- _Work request_
This exercise calls for the data below to be retyped exactly, minus any images.

+--

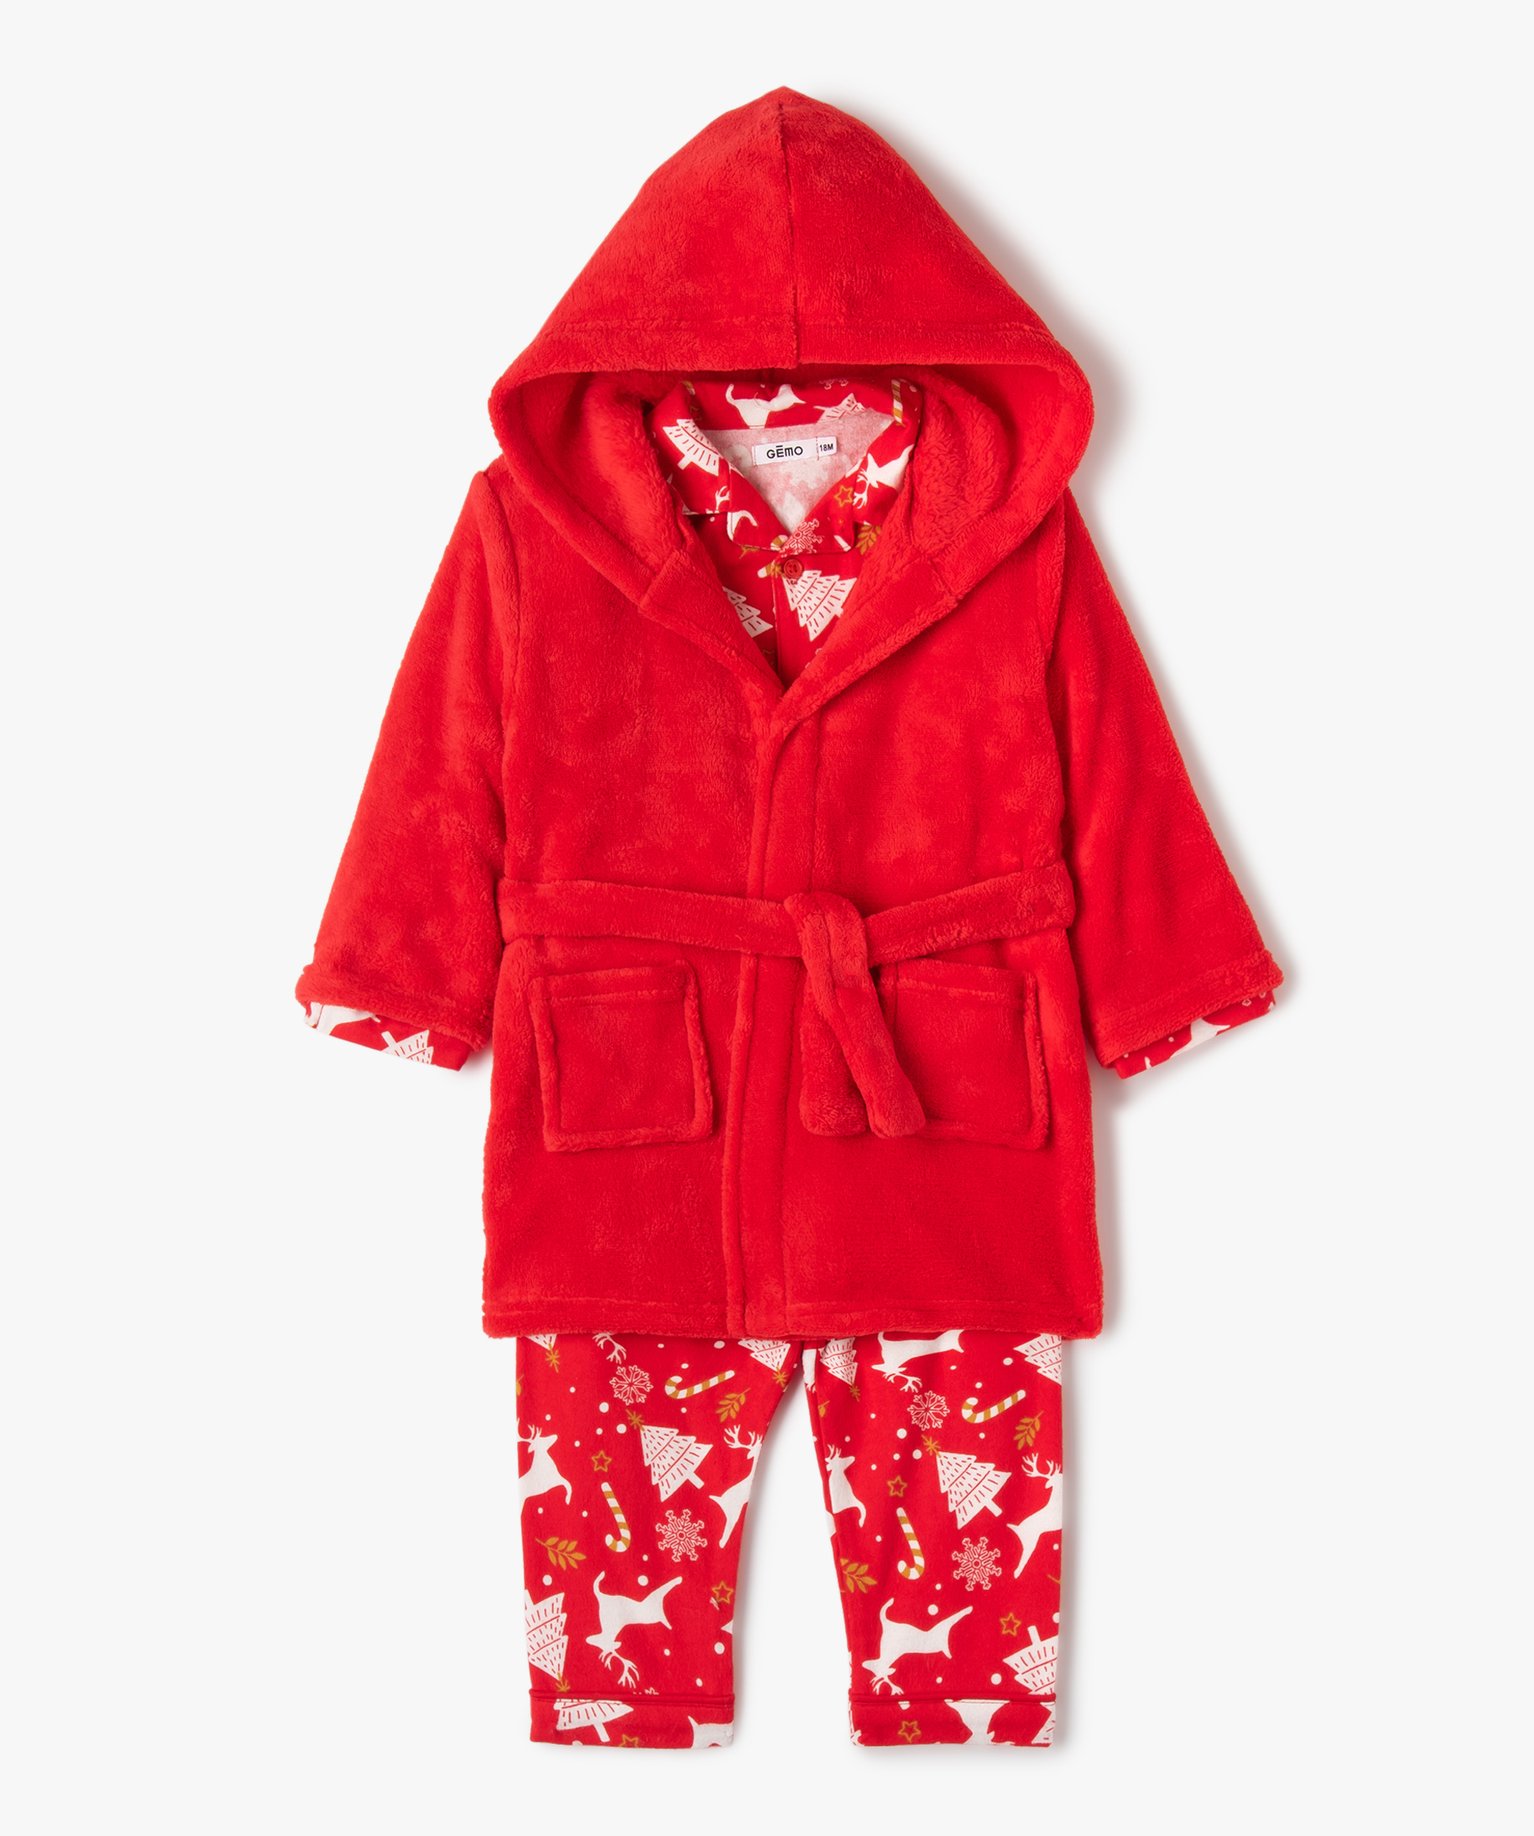 Ensemble pyjama bébé spécial Noël (3 pièces) - 12M - rouge - GEMO
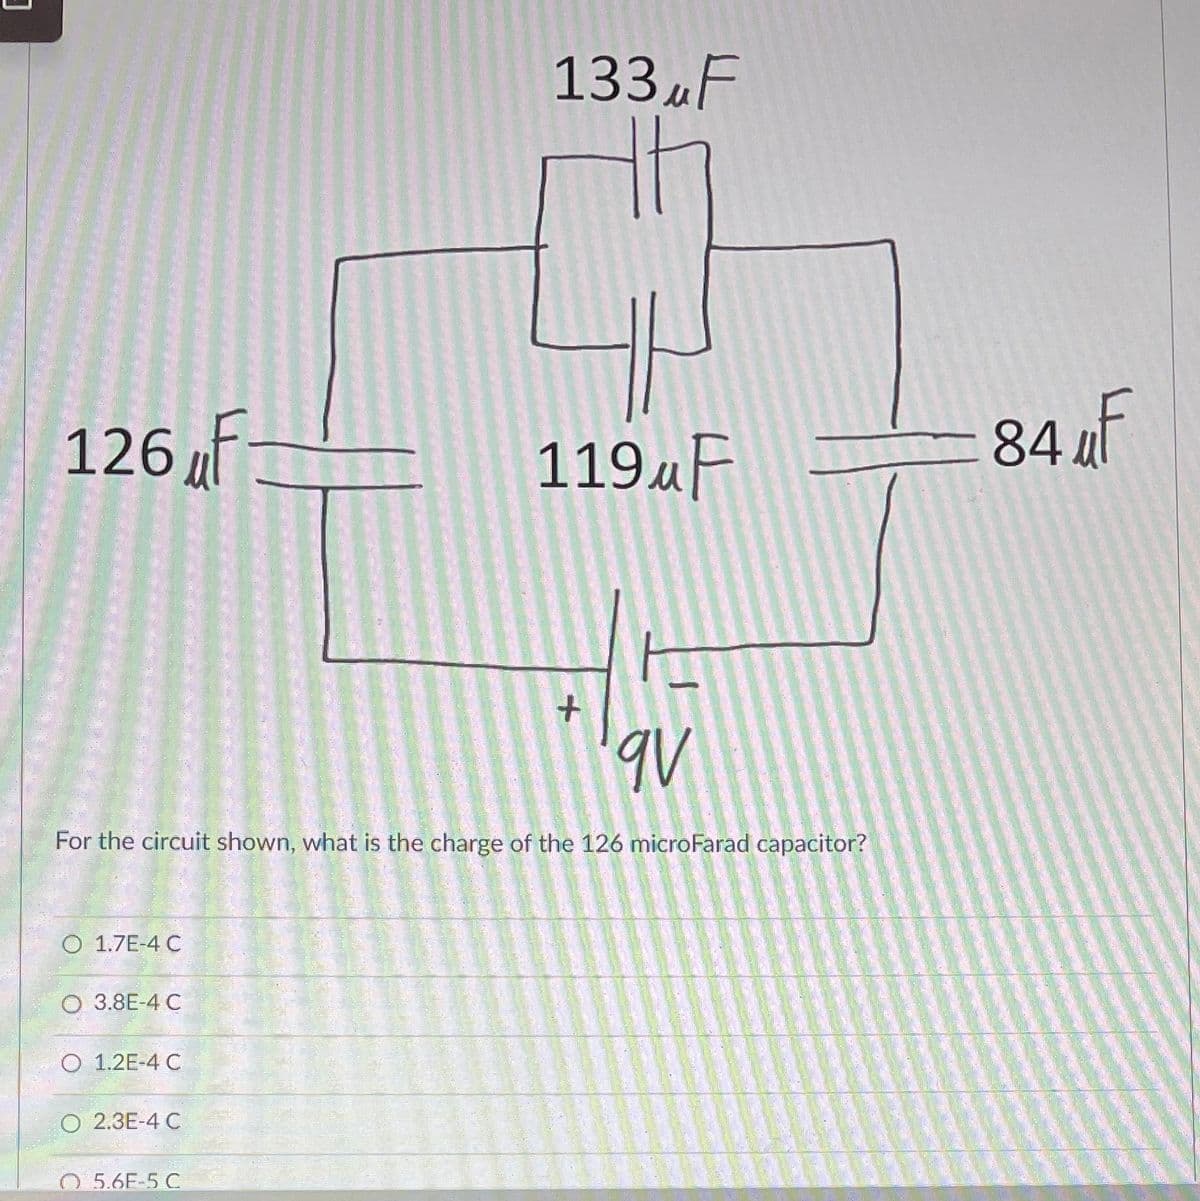 126 F
O 1.7E-4 C
3.8E-4 C
O 1.2E-4 C
For the circuit shown, what is the charge of the 126 microFarad capacitor?
O 2.3E-4 C
133 F
5.6E-5 C
119uF
+
qv
84 F
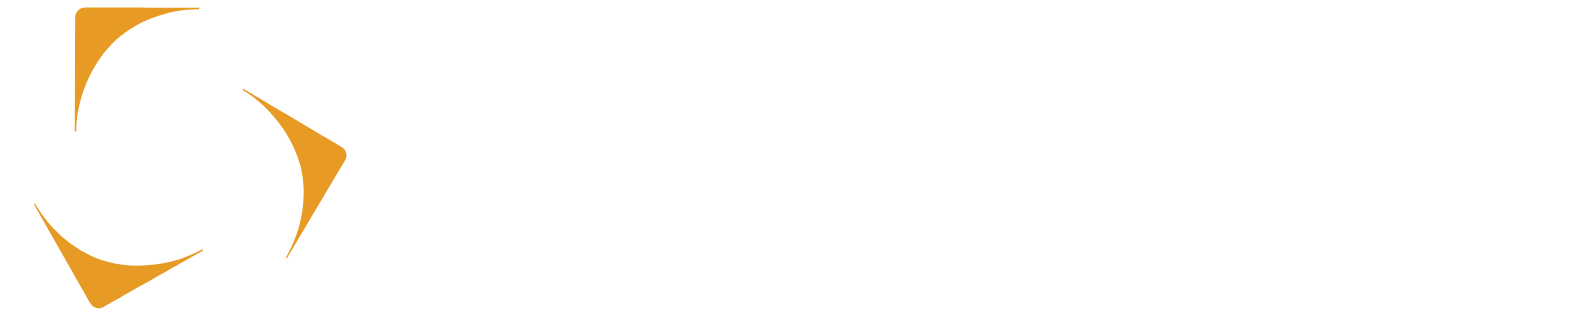 Kazatomprom logo large for dark backgrounds (transparent PNG)
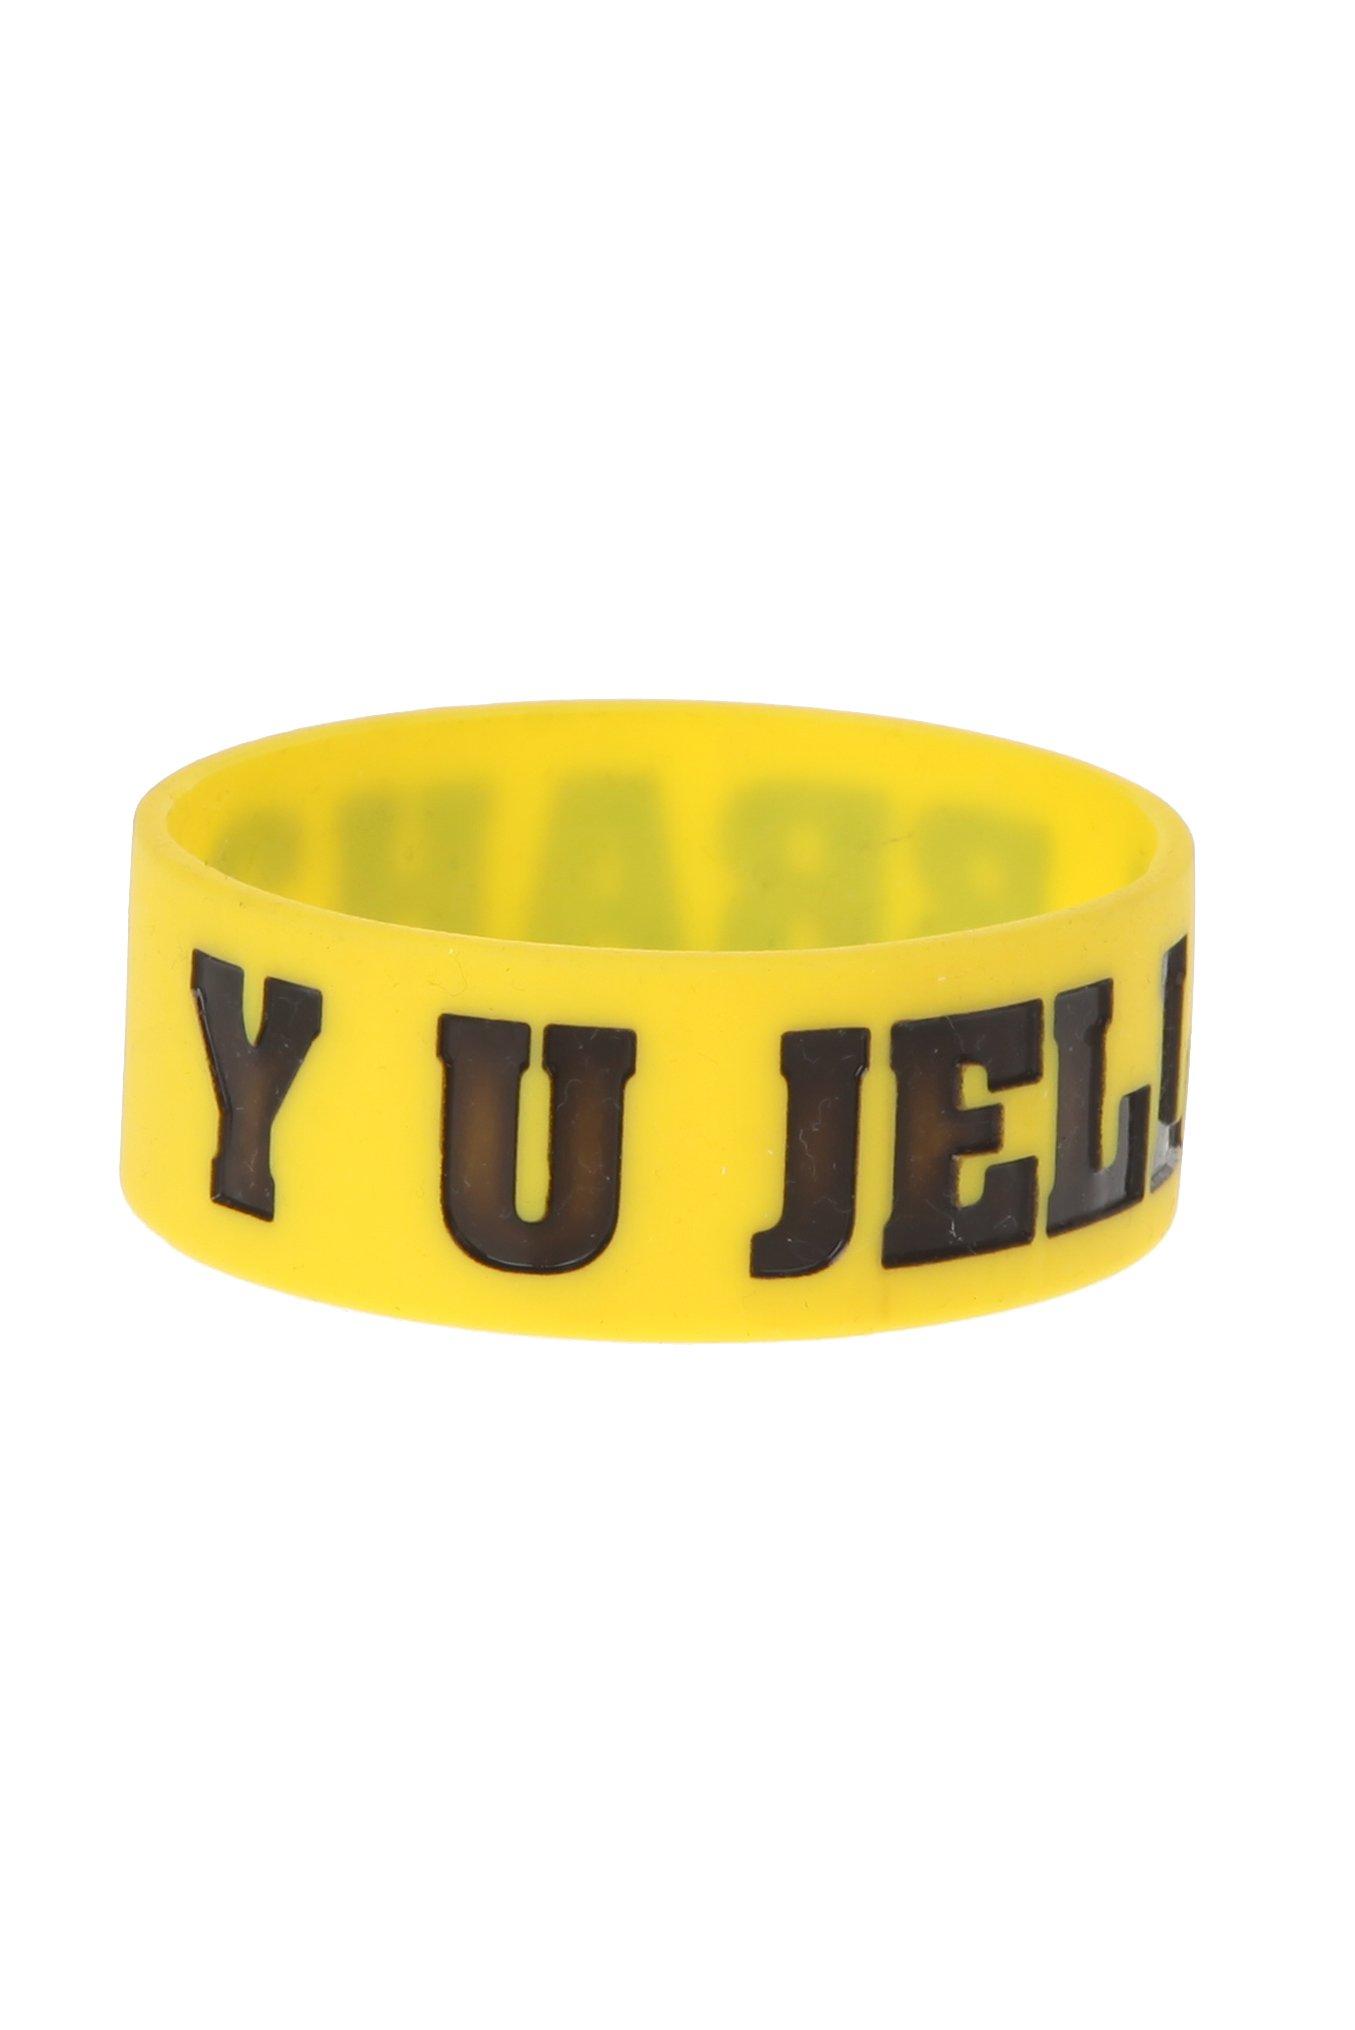 Yellow Y U Jelly Brah? Rubber Bracelet, , alternate
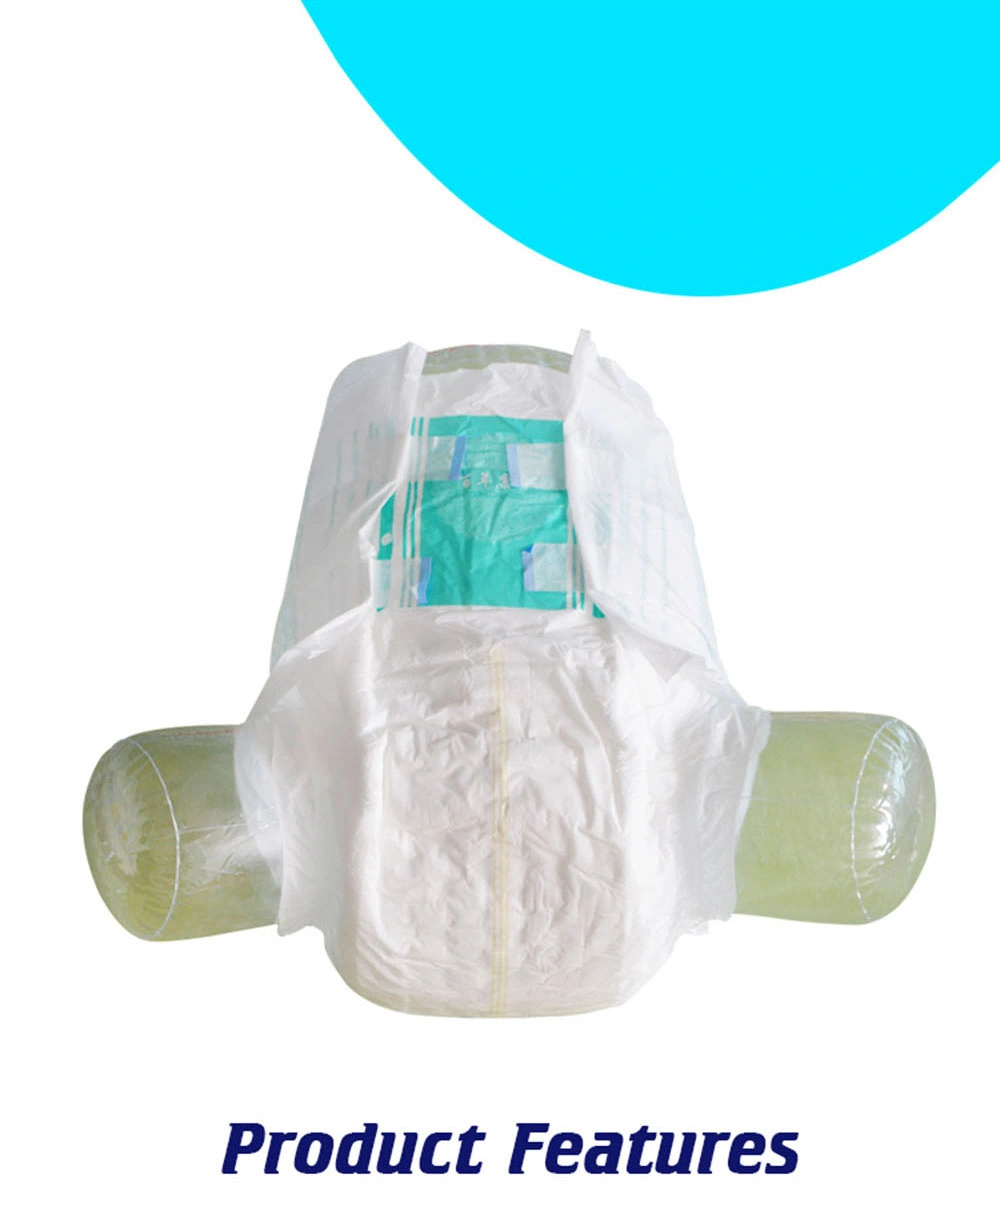 Free  Adult  Diapers  Samples  Adult  Diapers  Diaper  Printed

+--

- _Finished task_
 Ensemble pyjama bébé spécial Noël (3 pièces) - 12M - rouge - GEMO
 126 F
O 1.7E-4 C
3.8E-4 C
O 1.2E-4 C
For the circuit shown, what is the charge of the 126 microFarad capacitor?
O 2.3E-4 C
133 F
5.6E-5 C
119uF
+
qv
84 F
 Kazatomprom logo large for dark backgrounds (transparent PNG)
 Yellow Y U Jelly Brah? Rubber Bracelet, , alternate
 Free  Adult  Diapers  Samples  Adult  Diapers  Diaper  Printed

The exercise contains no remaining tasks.